At 50 years of age I began riding a bicycle everywhere I went... for seven years. Day or night, rain or shine, through good neighborhoods and bad, I rode. Bags of groceries, Chinese takeout, or a new lawnmower, I carried them all on or behind my bicycle. This article is about a bicycle lifestyle far removed from the athletic sport of cycling.

I call this kind of cycling everyday cycling, and it's like everyday driving. When you hop in your car to go the grocery store do you first put on a helmet, special shoes costing well over a hundred dollars, a garish skin tight top with pockets on the back for food, special gloves, and even special pants that have a padded contraption resembling a diaper sewn into them? Of course not. Bike riding to get around is just like walking or driving to get around, except that you're riding. And… you'll get rich! Well, Okay, you'll just save boatloads of money.

Things I'll cover in this article:

  • How to find a suitable bicycle for utility, or everyday riding.
  • How to equip your bike for utility cycling.
  • How to stay dry, or less wet in the rain.
  • How to equip your bicycle for night riding.
  • How to carry stuff on, or behind your bicycle.
  • What to carry in your emergency repair kit.
  • Observations on everyday cycling, where bicycles fall short of cars and why, along with my wish list for everyday cycling.

Start with a sturdy, simple bicycle. Avoid the latest whiz-bang wonders. There are good reasons for a simple bike.

  • It's inexpensive—saving you money for some practical goodies you'll want to add.
  • Basic maintenance is simple.
  • Readily available parts, often even WalMart has what you need.
  • It won't attract serious bicycle thieves, and if it is stolen, you’ll be able to afford another.

Rule one is that most any bike of decent construction will work. Rule two is that the simplest sturdy bike that does all you need… is all the bike you need. Here are some suggestions, but don't treat any of this as dogma—it's your call, work with what's available.

Girl and BicycleCredit: Can Stock Photo

Your everyday get-around bike should be the right size. There are lots of theories about this, and the more knowledgeable the cyclist, the more likely his answer won't be right for you—because he's probably an athlete. My advice: sit on a few bikes, see what you feel safe and comfortable on. Above all, if you are going to ride more than 2 or 3 miles at a stretch, avoid the new "forward crank" bicycles. They are so very tempting—you can sit on a large bike and rest both feet flat on the ground. They look cool.

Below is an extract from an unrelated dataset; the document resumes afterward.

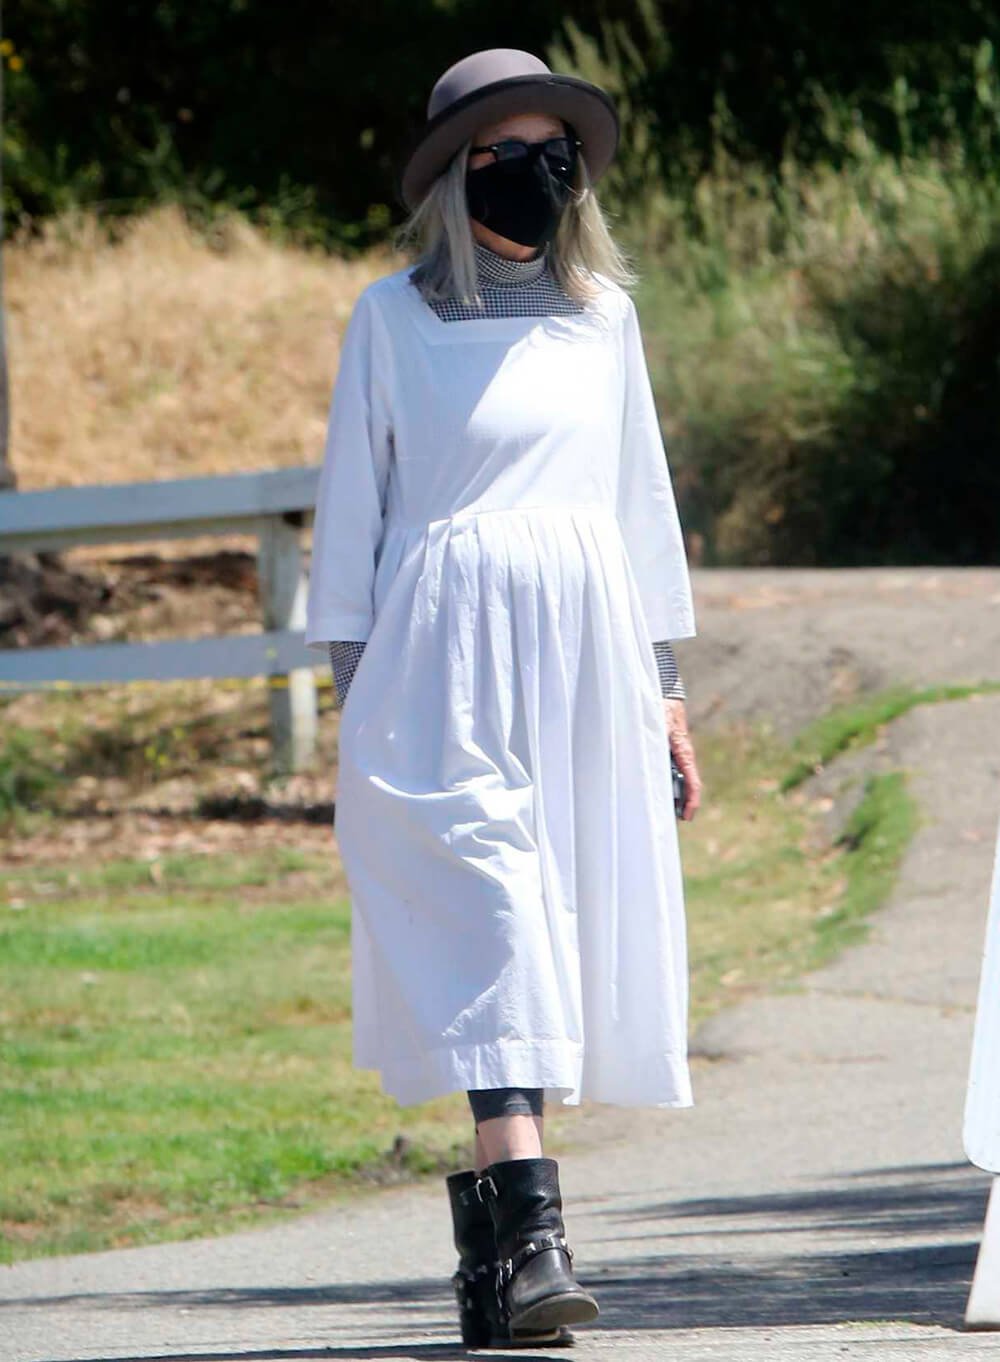 It girls - Diane Keaton, vestido branco, breezy dress, sobreposição - Diane Keaton - Verão - Street Style  - https://stealthelook.com.br

What the salesperson might not tell you about a forward-crank bike, is that when you ride one, most of your weight rests directly on your spine. Your butt will get sore sooner. A hard bump on a forward crank bicycle can really jar your back, even your noggin. A traditional bicycle distributes your weight better. If you insist on a forward-crank bike, get a suspension seatpost to spare your back. Popular suspension seatpost makers are XLC, Zoom, Avenir, and M-wave.

If you're going to buy, stay away from bicycles with suspension, i.e. front or rear shock absorbers. They add complexity. They add weight. They add maintenance. They make it harder to add saddlebags, baskets, etc. Bicycle suspensions suck up a tiny bit (or more) of your precious energy with every turn of the pedals. It adds up. There is very little suspension does, that simply standing when going over rough surfaces won't do as well. But if you already have a suspension bike, use it.

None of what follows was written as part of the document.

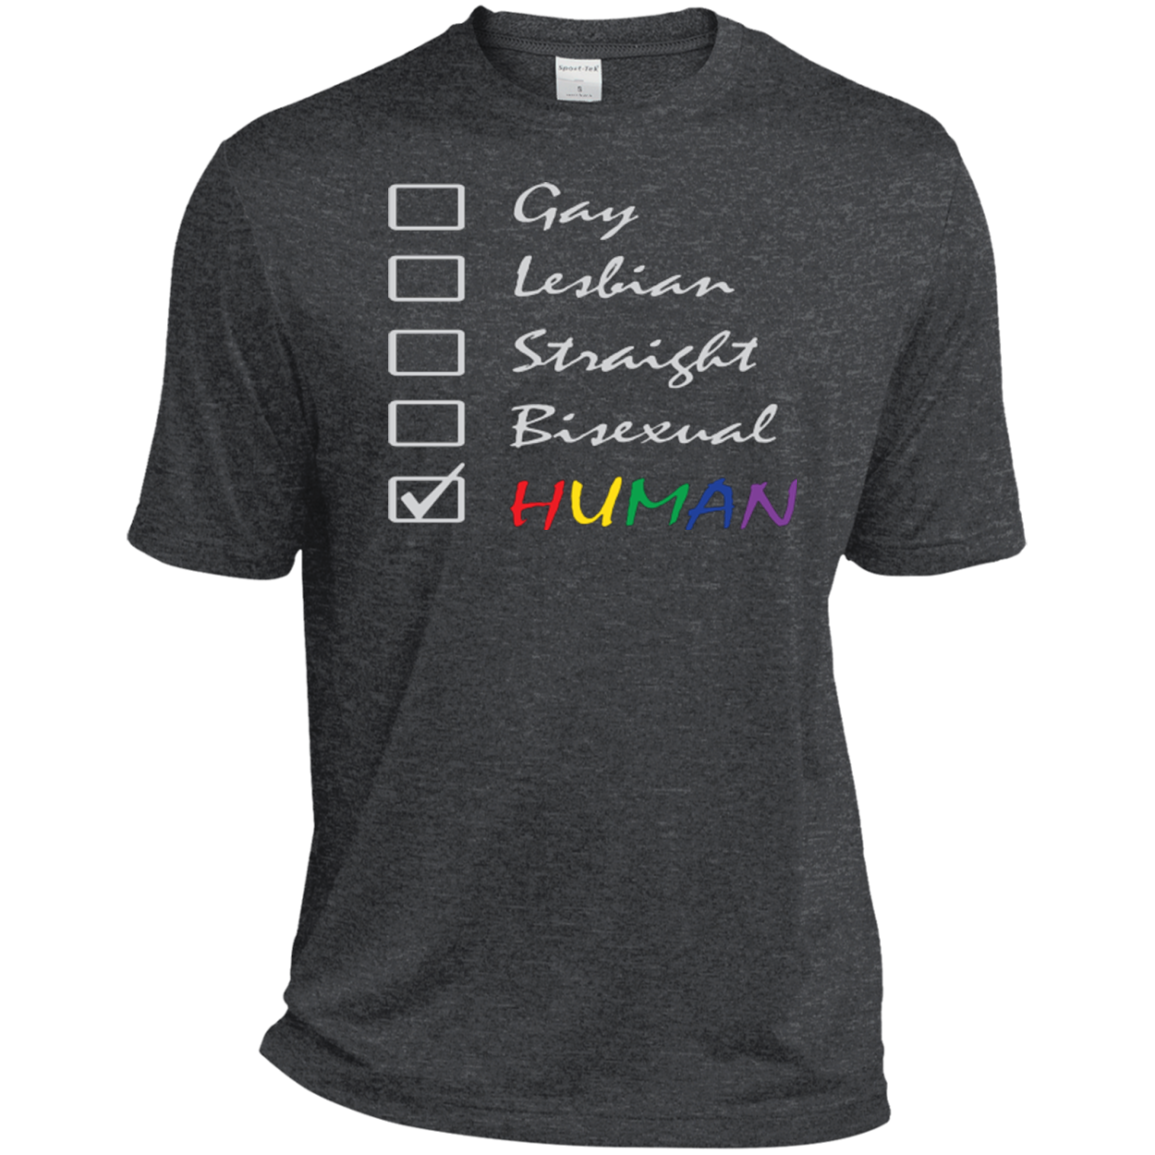 Human Check Box LGBT Pride Dark Grey T Shirt Human Equality LGBT Pride Dark Grey Tshirt for Men

Adjust the seat height on your bicycle so that you can comfortably touch the ground with the balls of your feet (not flat-footed) when stopped. When riding you should not have to straighten your leg completely at the bottom of your pedal stroke, it should be slightly bent. You don't want the seat too low, as it is much harder to pedal efficiently when your knee is bent too much at the top of your stroke. Your ‘up' leg should not look like it's involved in a deep-knee bend when pedaling—if it is, pedaling will seem hard, very hard.

  • If multiple gears are required, a single front sprocket—called a chain ring—is often better than two or three chain rings.
    • A single chain ring is simpler to maintain—one less shifter and cable.
    • A chain guard to protect your pants will only fit over a single chain ring.
  • Consider a bicycle with an internal gear hub if you only need three to eight speeds. Nexus, Sturmey-Archer, and Sram all supply internally geared rear hubs.
    • Advantages
      • You can shift while stopped—very handy when you brake suddenly and get stuck in a high gear.
      • Your chain will last longer since the angle of the chain never changes.
      • A chain guard will fit.
      • The gears are protected from rain and snow.
      • They last far longer than exposed gears.
    • Disadvantages
      • Depending on the setup, they can turn a simple 10-minute flat fix into 30 to 45-minutes of work. Ask the seller to remove and reinstall the rear wheel (without a rack or special tools) before you buy—if you don't think you can learn to do it in ten minutes on the roadside, think twice.
      • They cost more.
  • If you plan to ride on very hilly roads you may need multiple chain rings.

How can your keep your pants free of grease and out of the chain ring? A chain guard is best, but I've often just used a shoestring to tie the cuff on my right leg so it doesn't flap around. Just make sure the shoestring is tied in such a way that it cannot get caught in the chain. A length of ordinary elastic (from the fabric store) with a bit of velcro on each end works great. There are reflective strips with velcro that you can wrap around your lower pant leg to prevent flapping, and keep you safe at night. There used to be light metal trouser clips—flexible C-bracelets really—to accomplish this job—you might get lucky and find some. Of course in a pinch you can just roll up your lower right pant leg.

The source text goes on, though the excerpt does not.